Каждая религия включает в себя те или иные формы молитвы, и при желании можно найти много общего между молитвенной практикой всех религий. Так например, существуют известные параллели между Иисусовой молитвой и призыванием имени Божьего в исламе, между практикой умного сосредоточения в христианстве и йогической медитацией в индуизме и буддизме. Однако в Иисусовой молитве главное не то, что она представляет собой непрестанно повторяющуюся формулу, что совершается в тишине ума, что помогает сосредоточиться и т. д., главное – к Кому она обращена, Чье имя мы призываем. По словам епископа Диоклийского Кал листа, "Иисусова молитва – это не только средство, помогающее нам сконцентрироваться или расслабиться.

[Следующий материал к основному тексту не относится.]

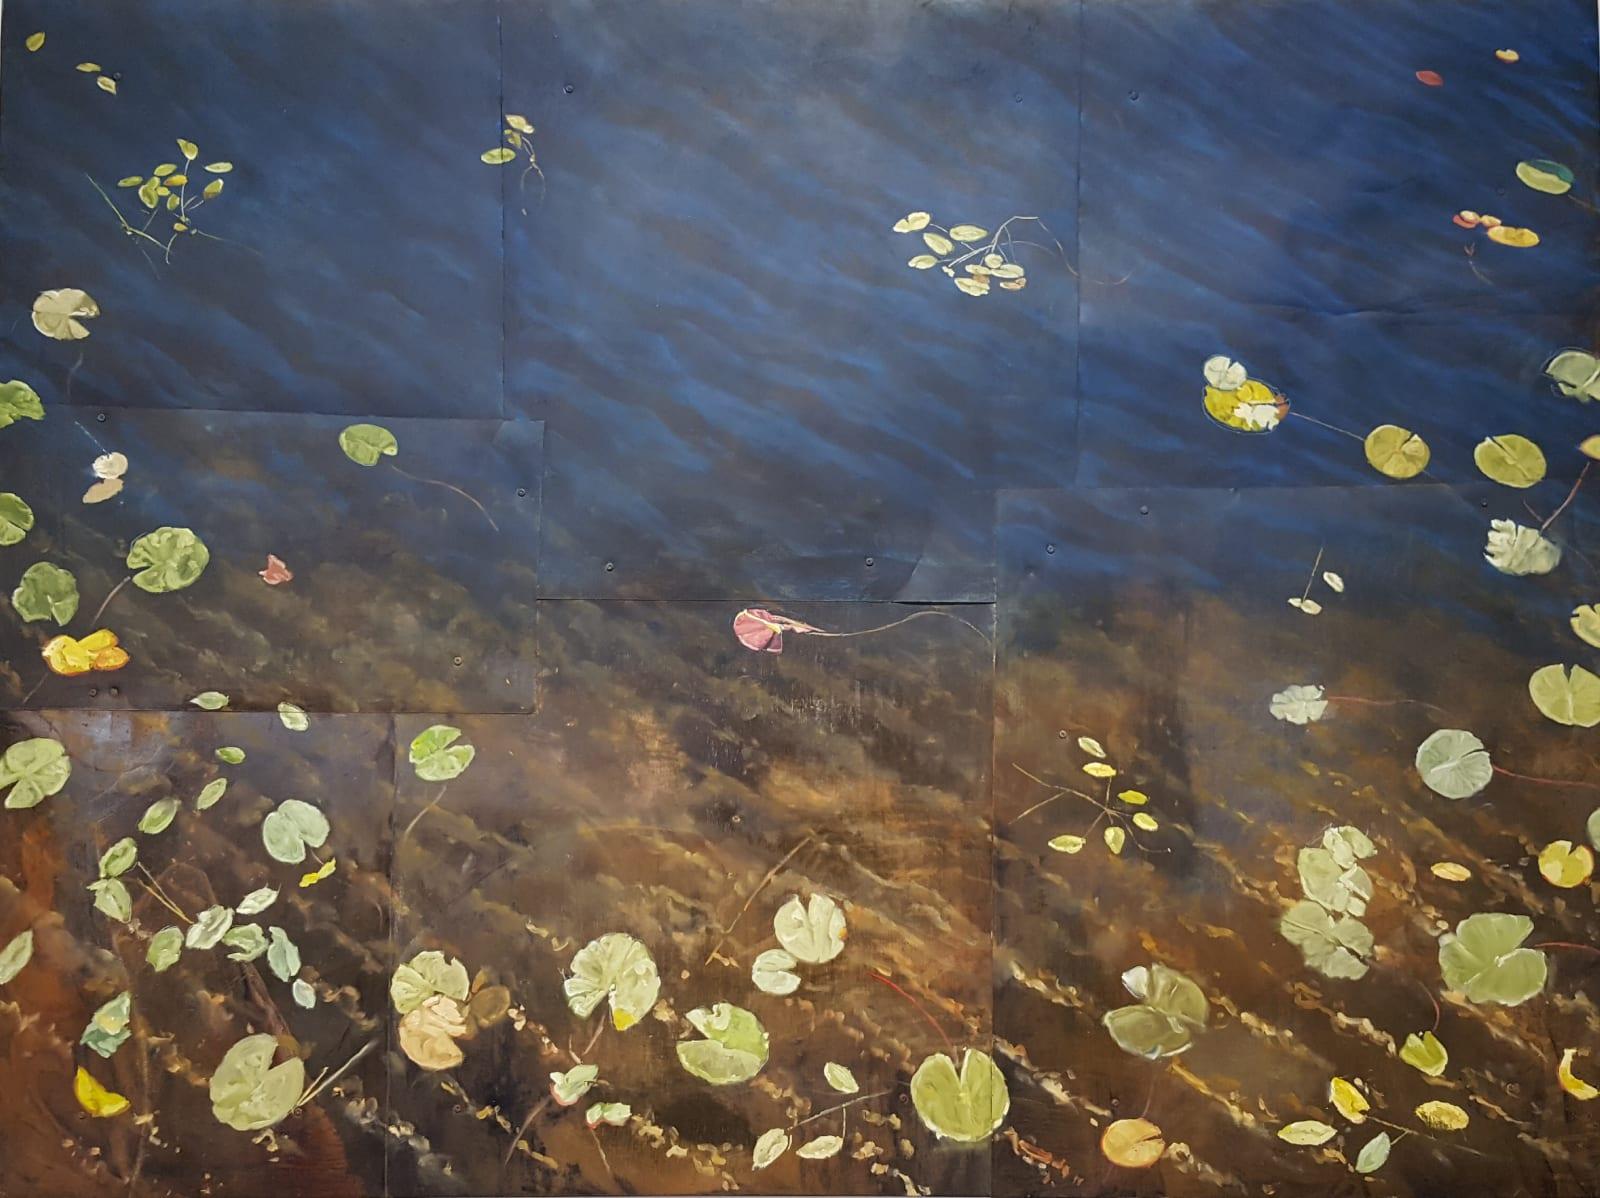 Drew Galloway, Across the Pond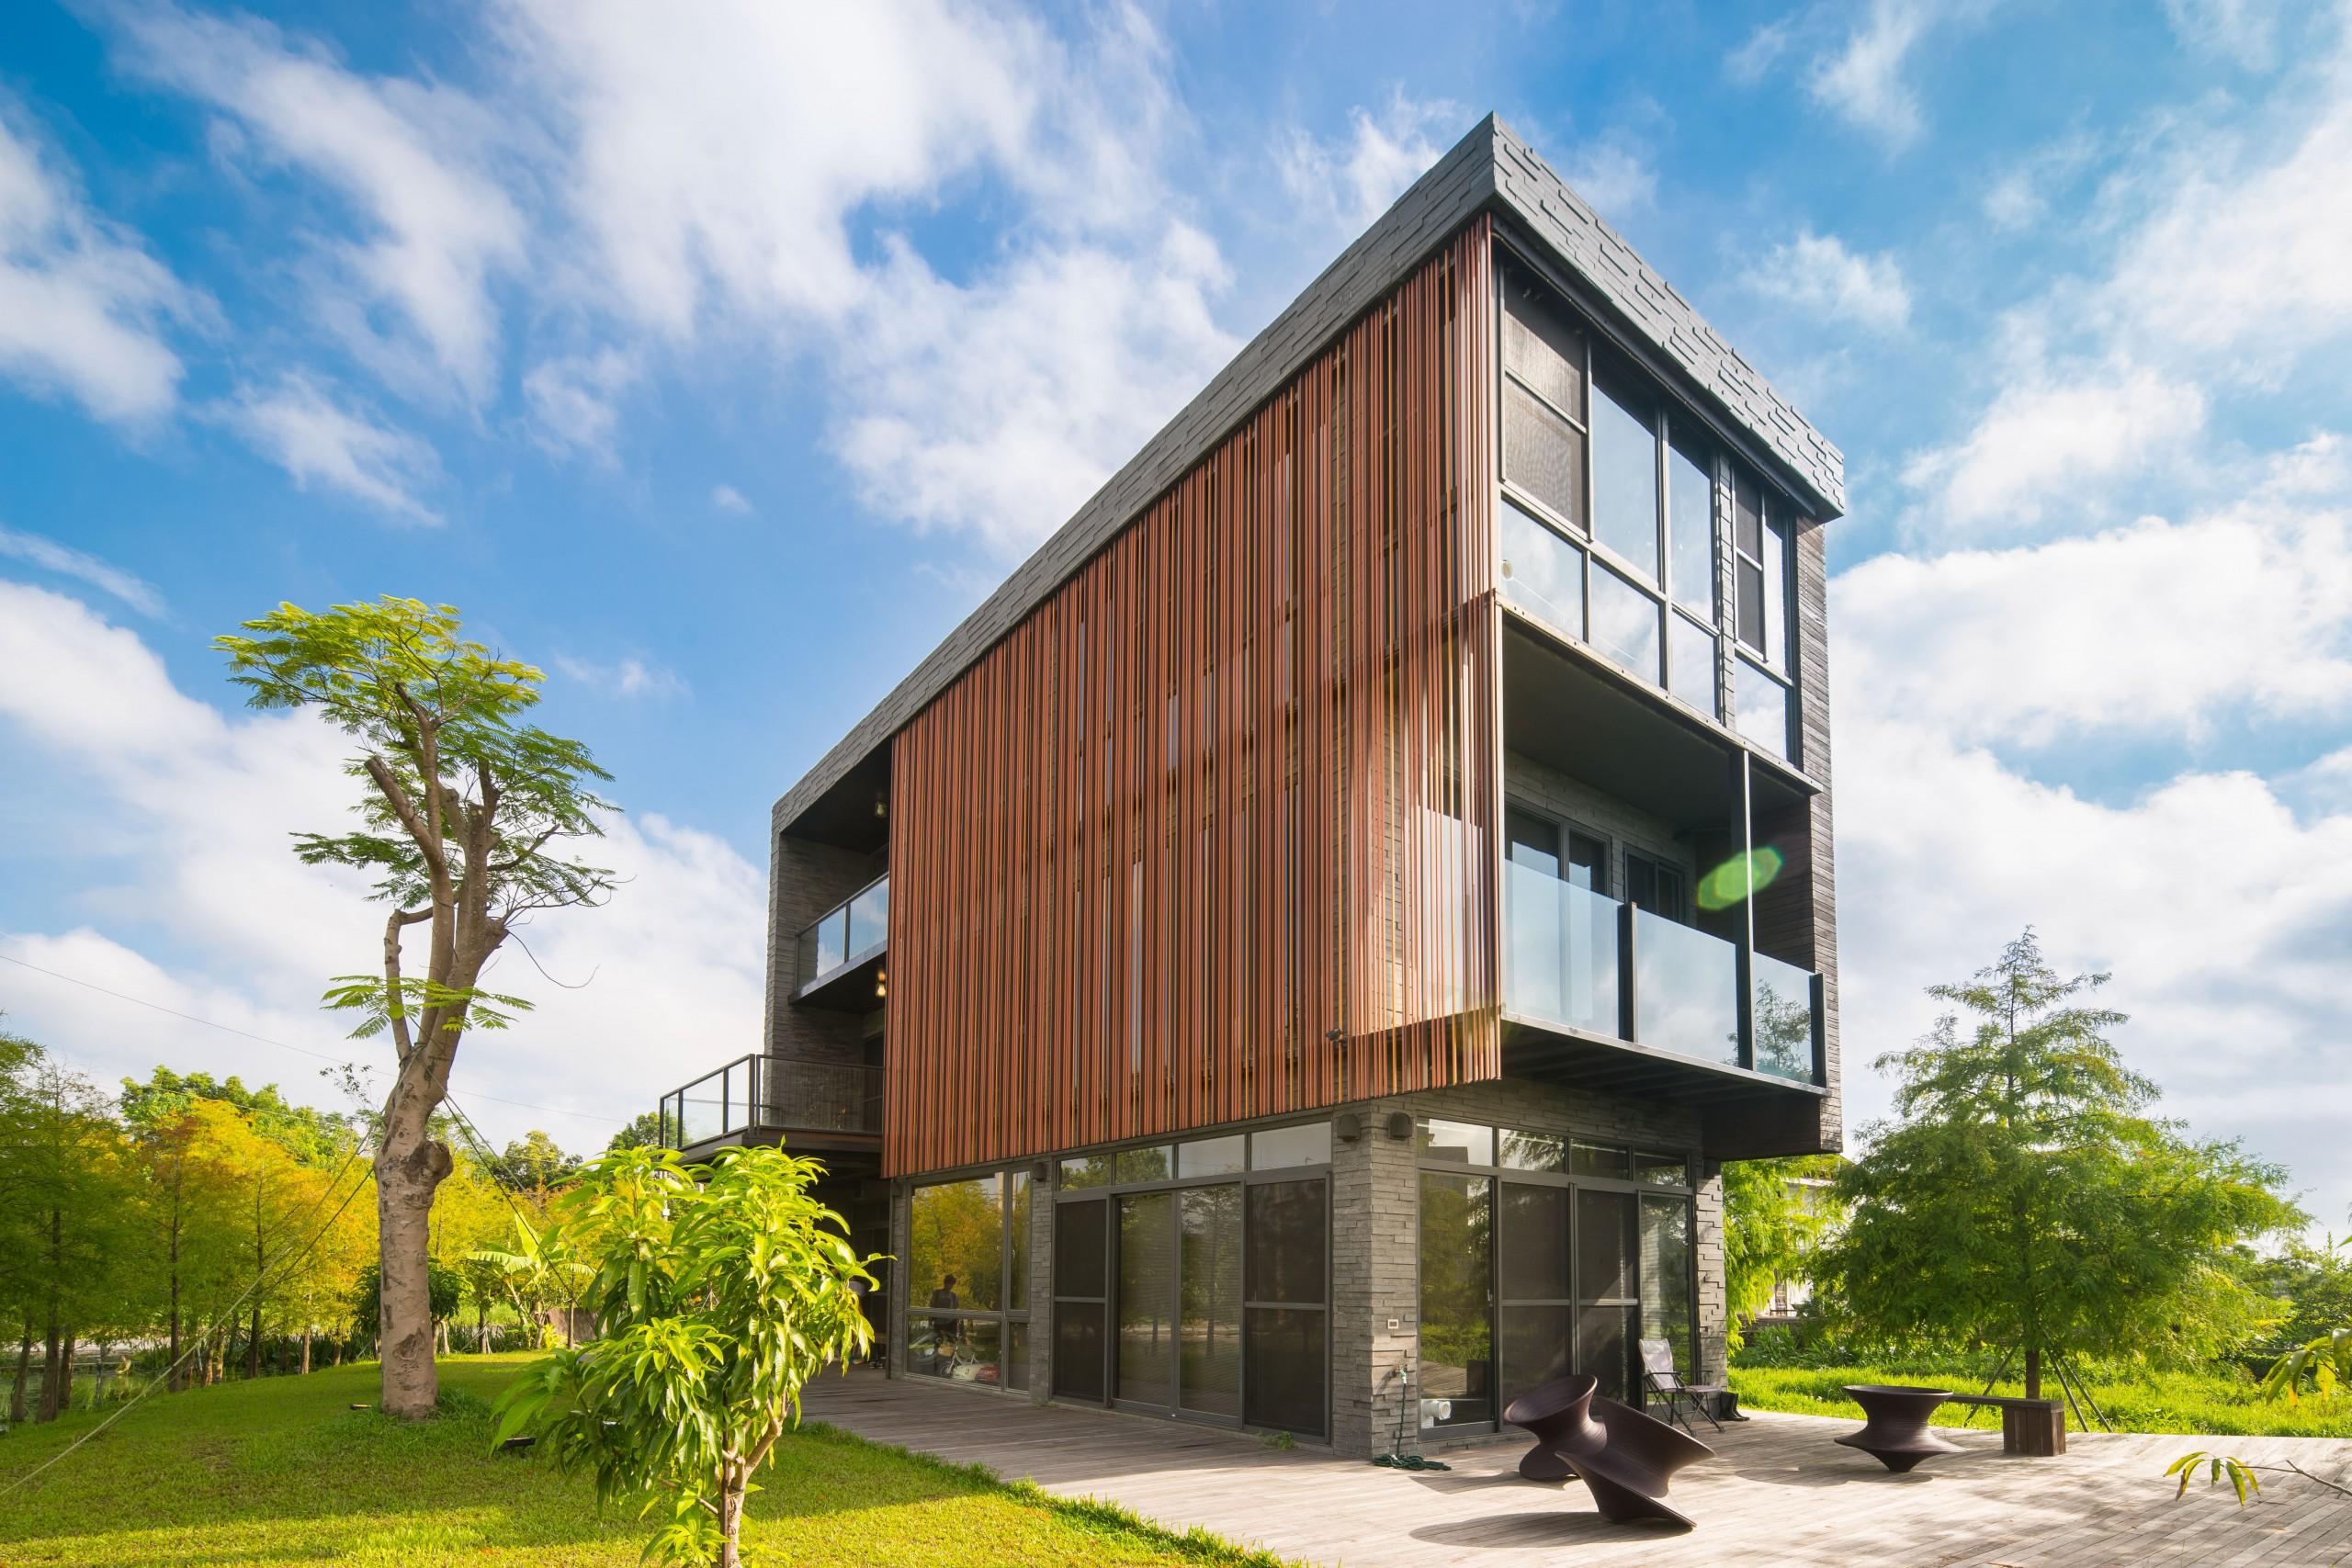 德築-DEZU-project-HAHouse秋-architecture-building-landscape-15

Это не просто род "христианской йоги", разновидность "трансцендентальной медитации" или "христианская мантра". В отличие от йоги, она есть призывание, обращенное к другому Лицу – к Богу, ставшему человеком, Иисусу Христу, нашему личному Спасителю и Искупителю… Контекст Иисусовой молитвы есть прежде всего вера. Призывание Имени предполагает, что тот, кто произносит молитву, верует в Иисуса как Сына Божьего и Спасителя". В этом кардинальное отличие христианской молитвы от внехристианской: верующий во Христа молится Христу и во Христе .
Молитва и богословие
Святые Отцы называют молитву "истинным богословием". Как говорит Евагрий-монах, "если ты богослов, то будешь молиться истинно; и если истинно молишься, то ты богослов". Для Отцов Церкви богословие не было отвлеченным теоретизированием о "неведомом Боге": оно было поиском личной встречи с Ним. Истинное богословие – не "о" Боге, а "в" Боге: оно не рассматривает Бога как посторонний объект, но беседует с Богом как Личностью. Христианское богословие молитвенно и опытно: в этом его противоположность голой безблагодатной "учености".
Но и молитва не спонтанное и произвольное делание ума – она тоже зиждется на богословии. Церковь верует, что вне правильного догматического сознания не может быть полноценной молитвы: искажение догматов ведет к искажениям в молитвенной практике. Это можно видеть на примере многочисленных сект, отколовшихся от Церкви. Христианин, даже если он молится наедине, остается членом Церкви. По словам протоиерея Георгия Флоровского, "личная молитва возможна только в контексте общины. Никто не является христианином сам по себе, но только как член тела. Даже будучи в уединении, "в келлии", христианин молится как член искупленного общества, Церкви". Личная молитва неотделима от богослужения и есть его продолжение. Вся жизнь христианина – Литургия, которую он совершает в своем сердце и посвящает Святой Троице – Отцу, Сыну и Святому Духу.